## WHAT YOU SHOULD DO:
Once the pictures are set aside, reproduce the remaining data exactly.

## SUPPLIED DATA:

┌──

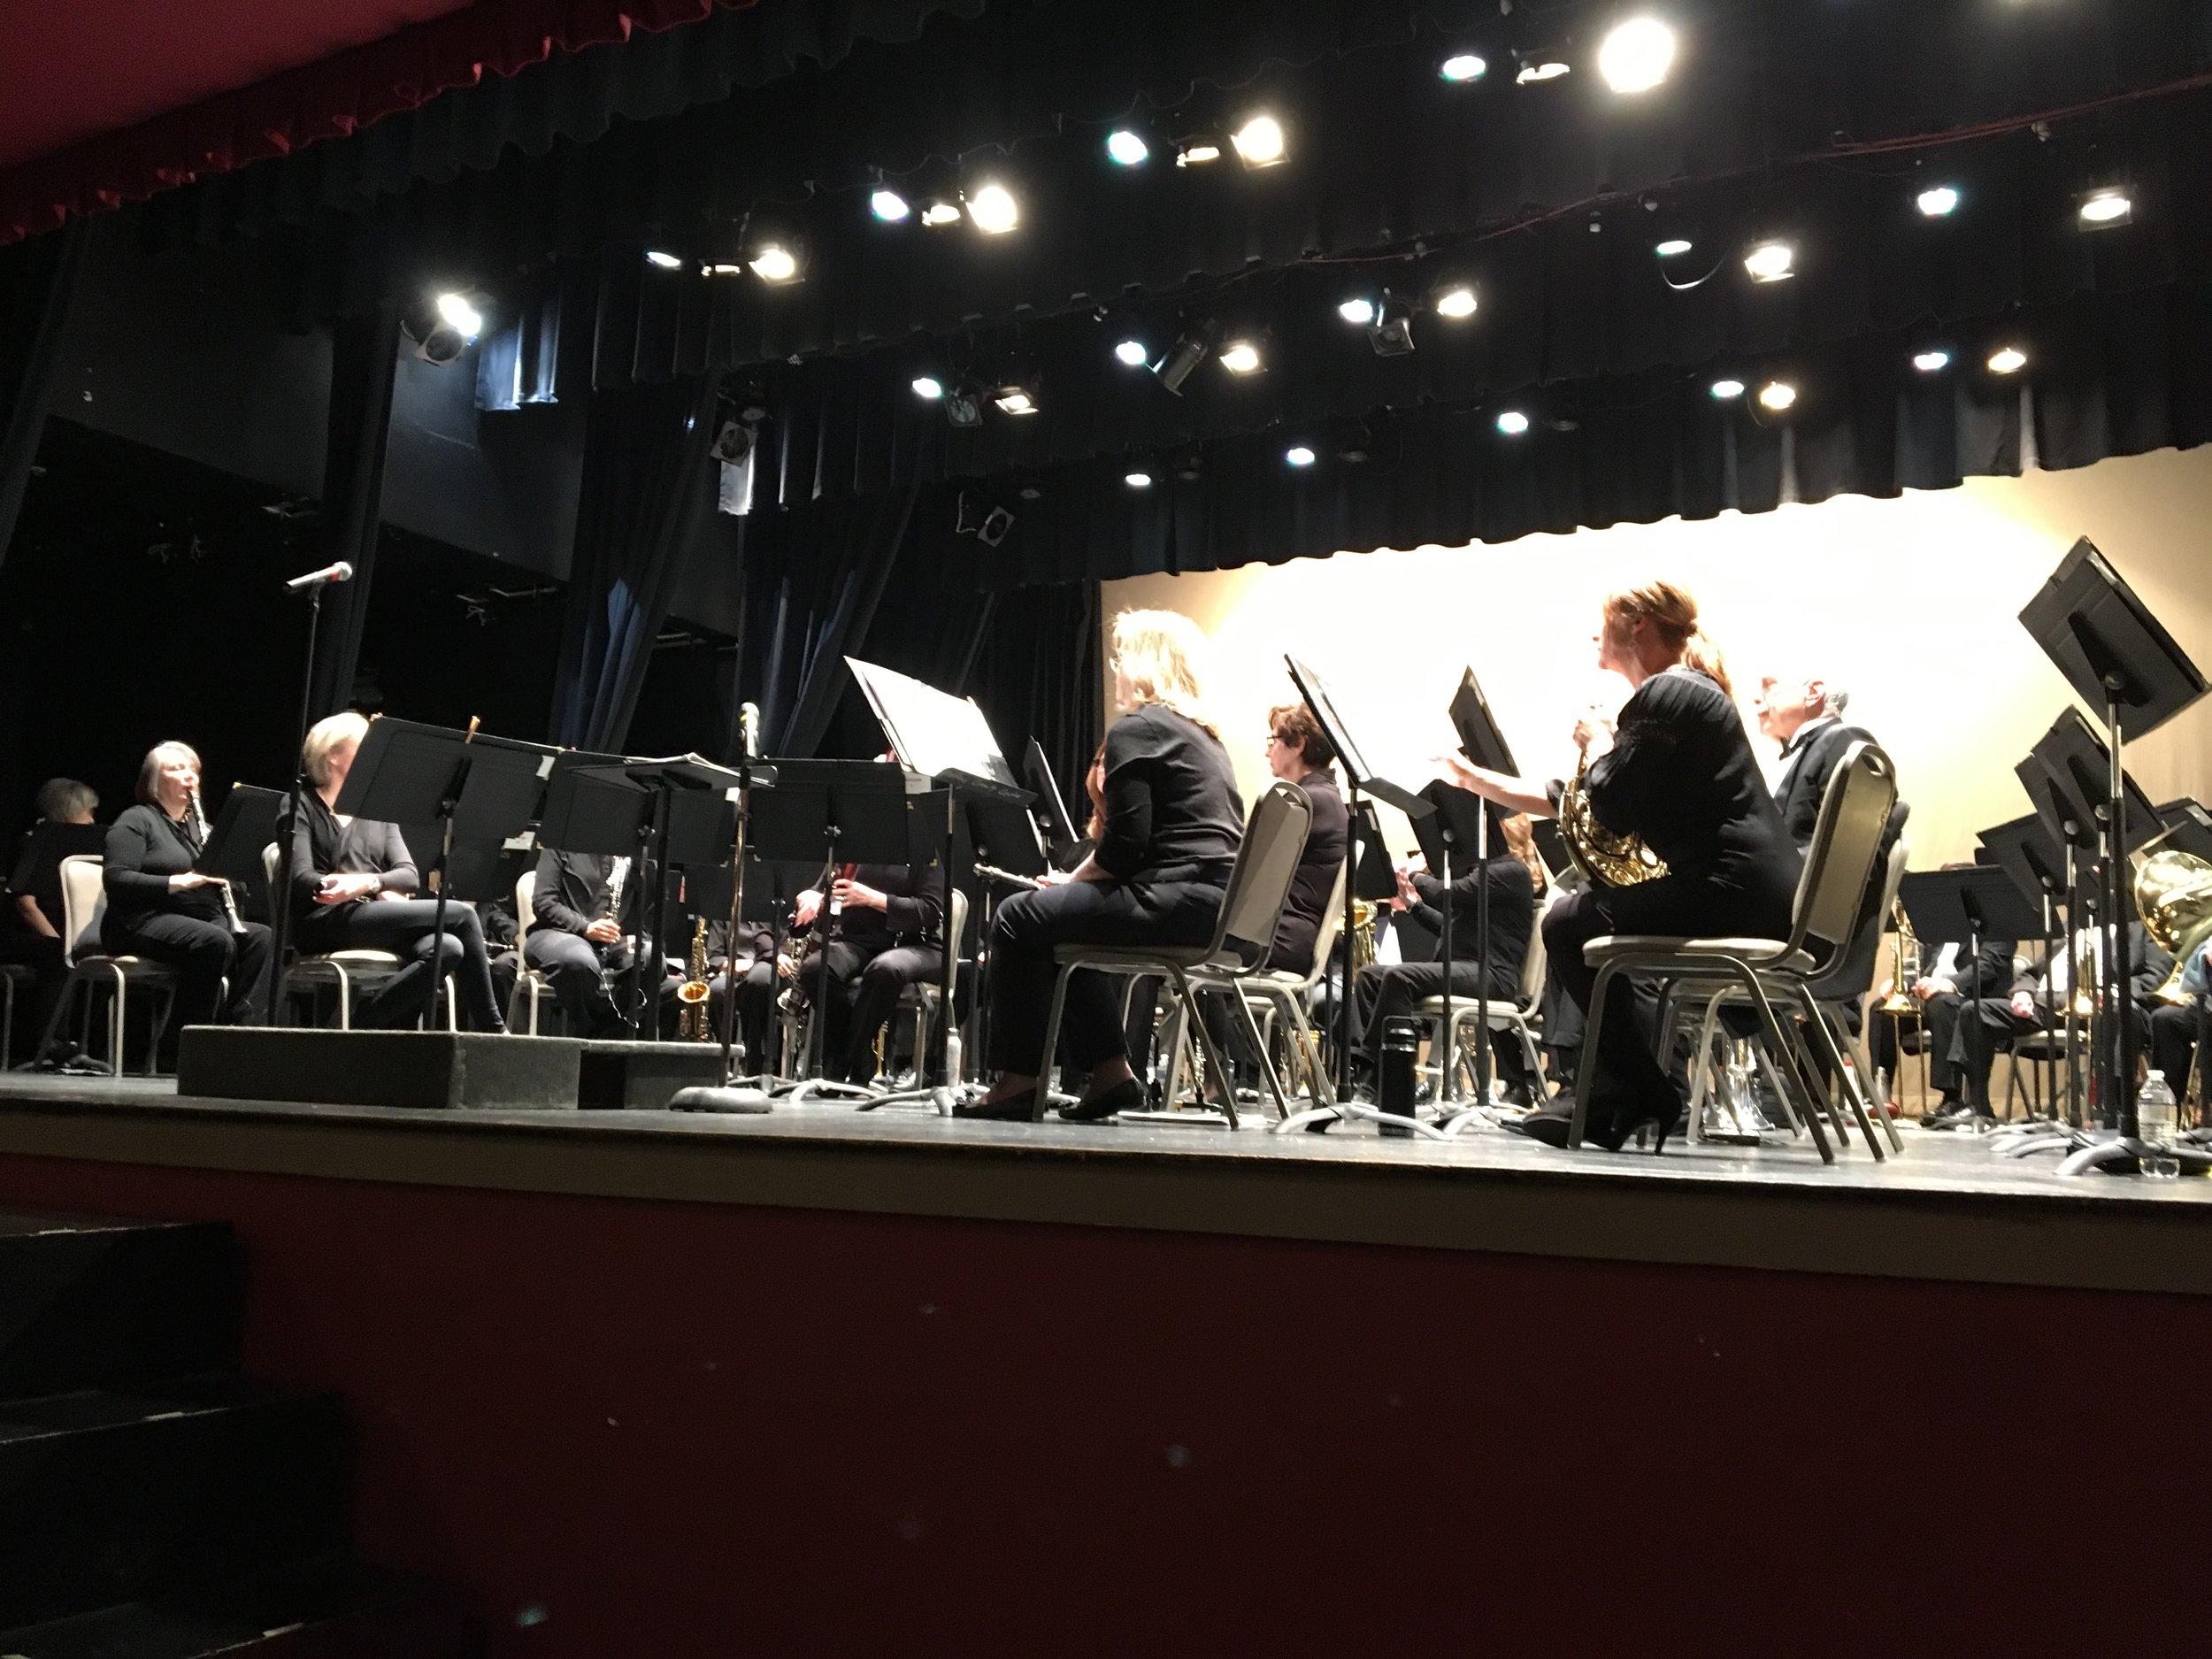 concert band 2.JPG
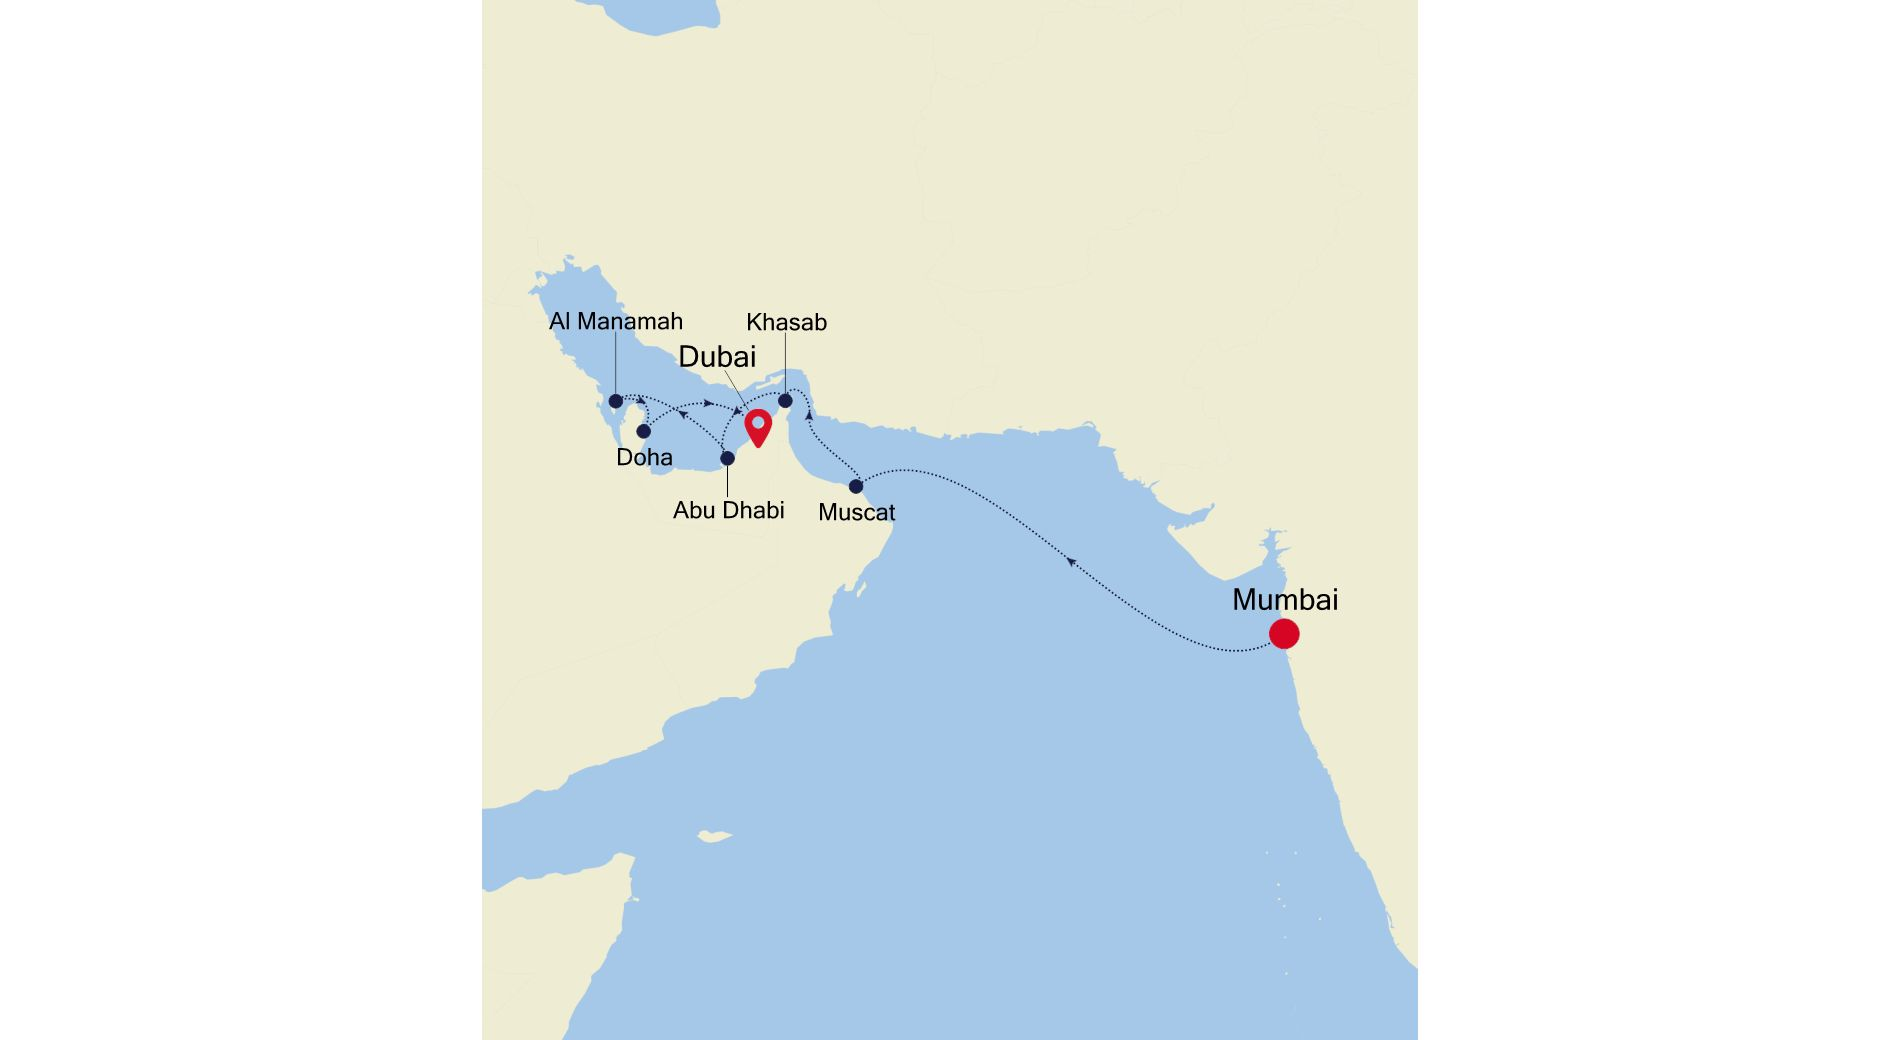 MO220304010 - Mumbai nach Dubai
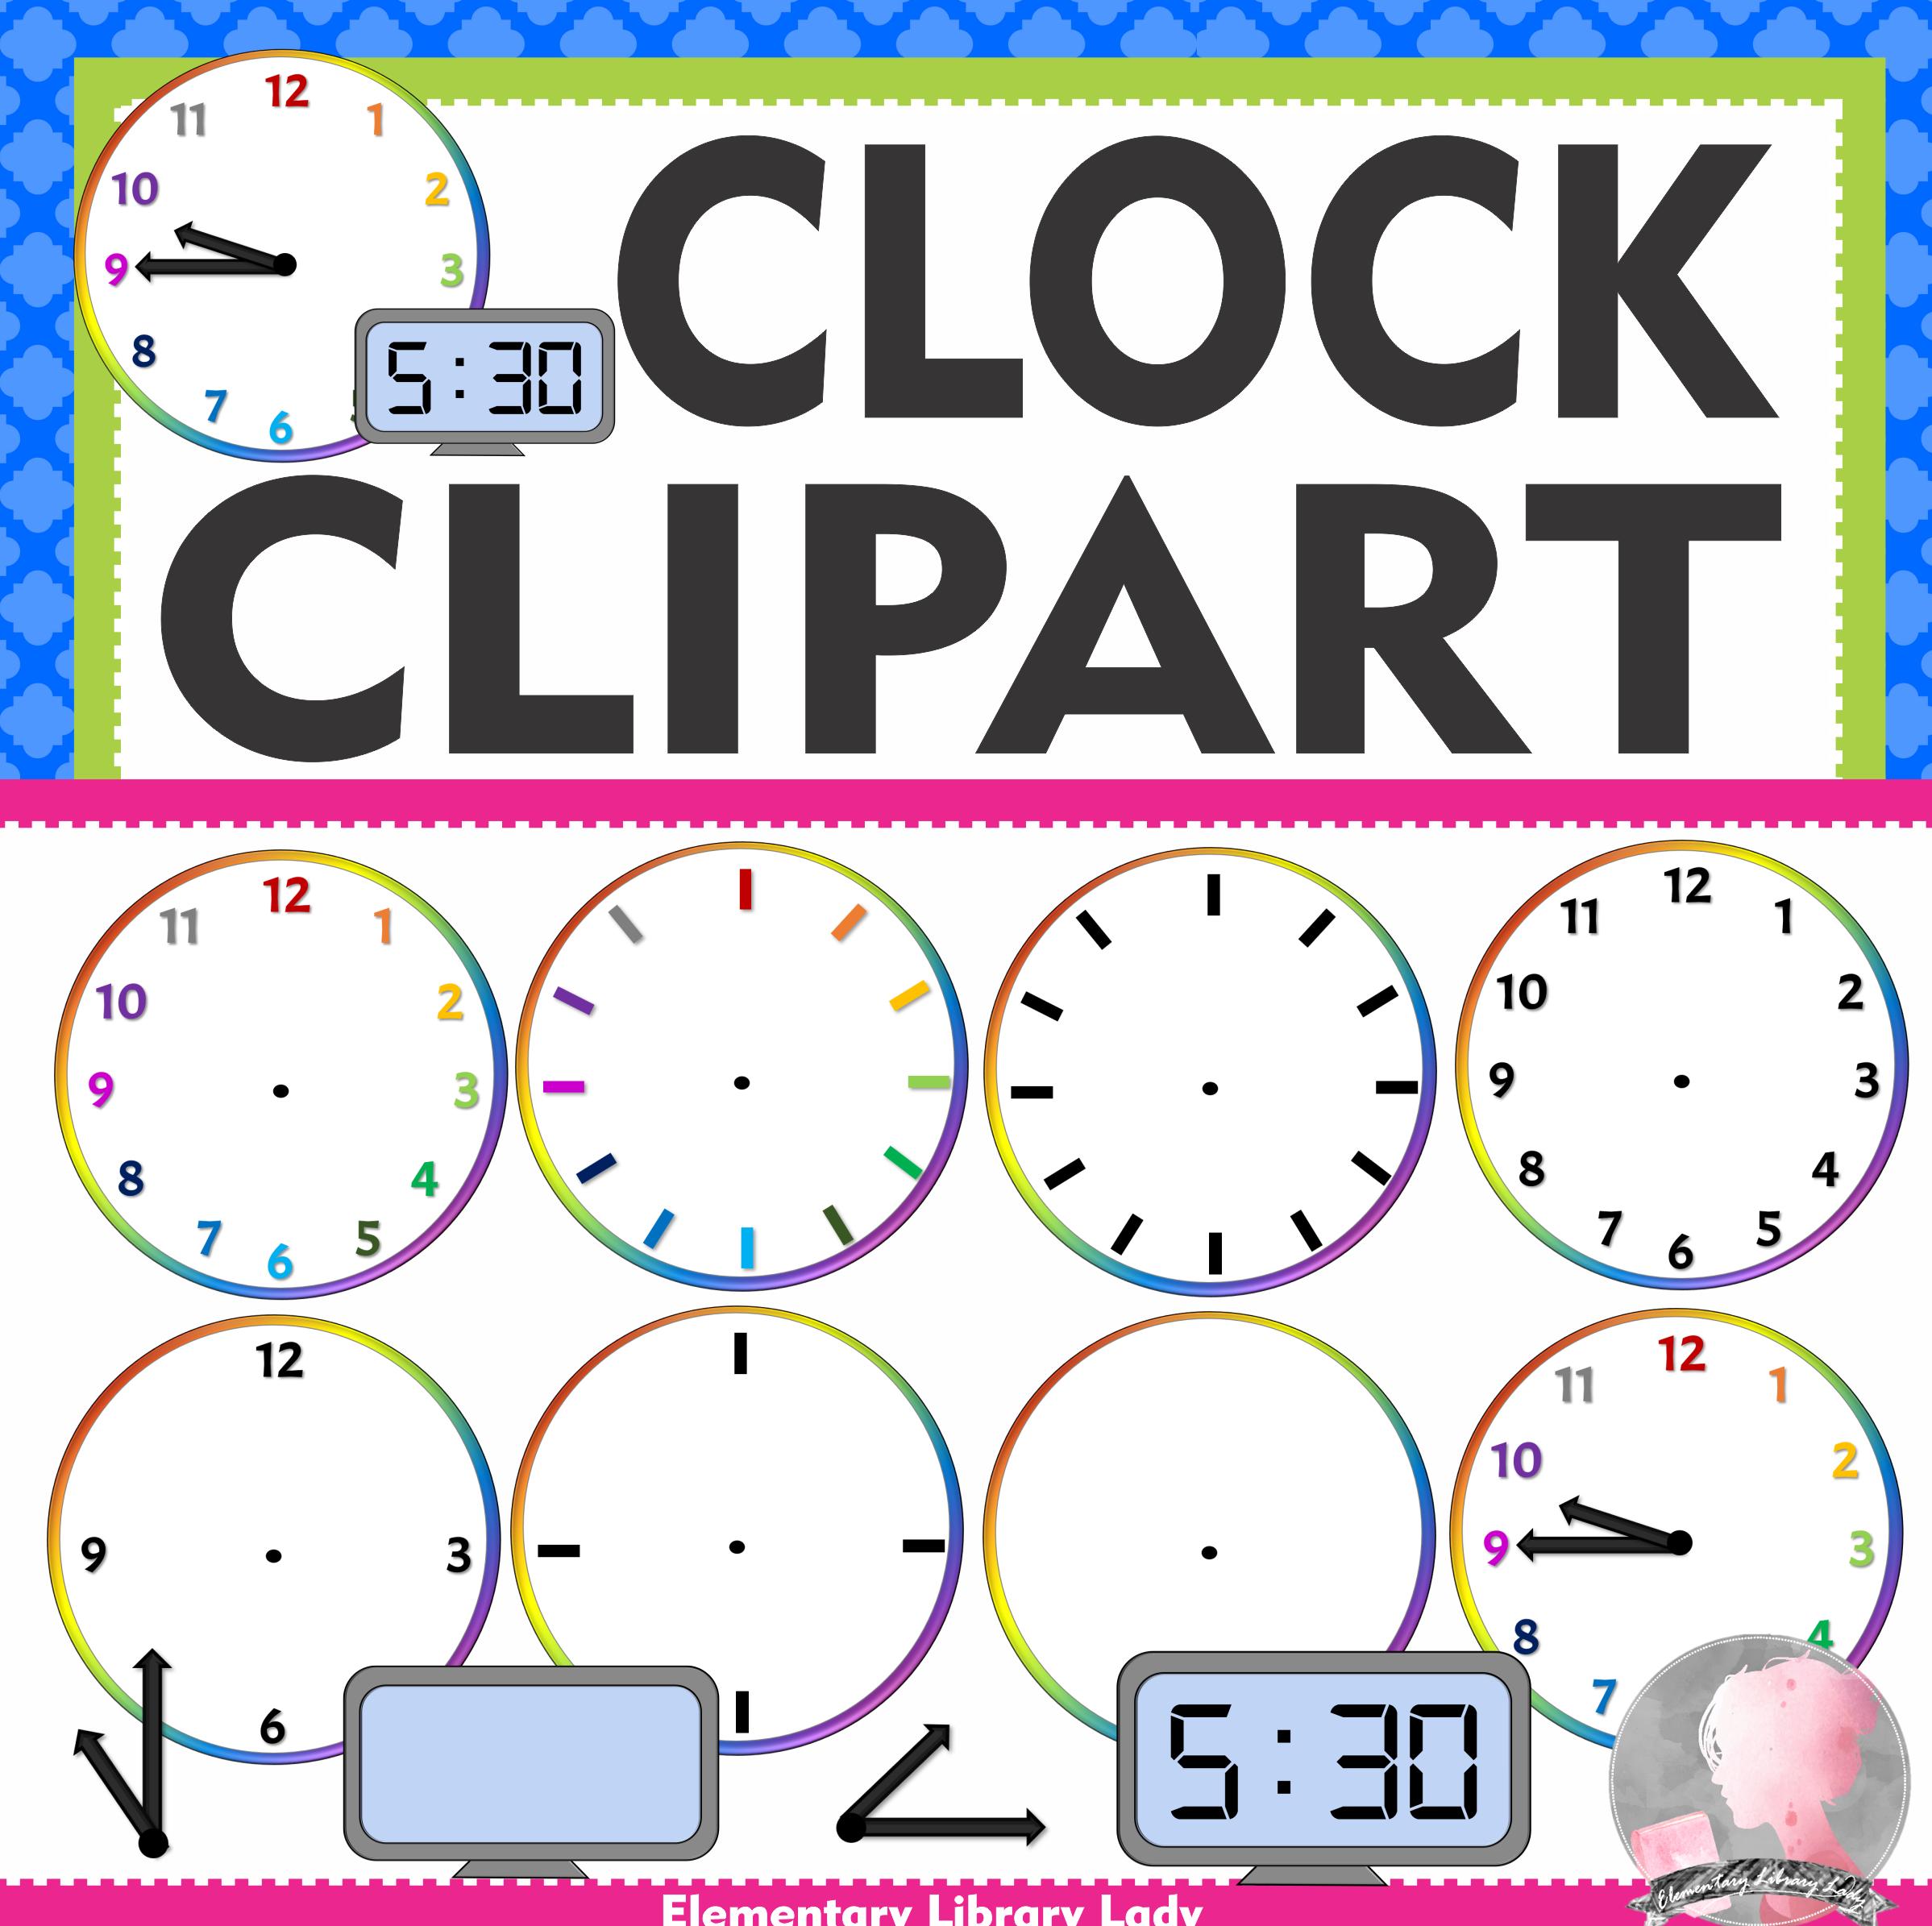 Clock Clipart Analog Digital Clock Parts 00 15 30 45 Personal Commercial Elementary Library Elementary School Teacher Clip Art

└──

## OUTPUT:
 concert band 2.JPG
 MO220304010 - Mumbai nach Dubai
 Clock Clipart Analog Digital Clock Parts 00 15 30 45 Personal Commercial Elementary Library Elementary School Teacher Clip Art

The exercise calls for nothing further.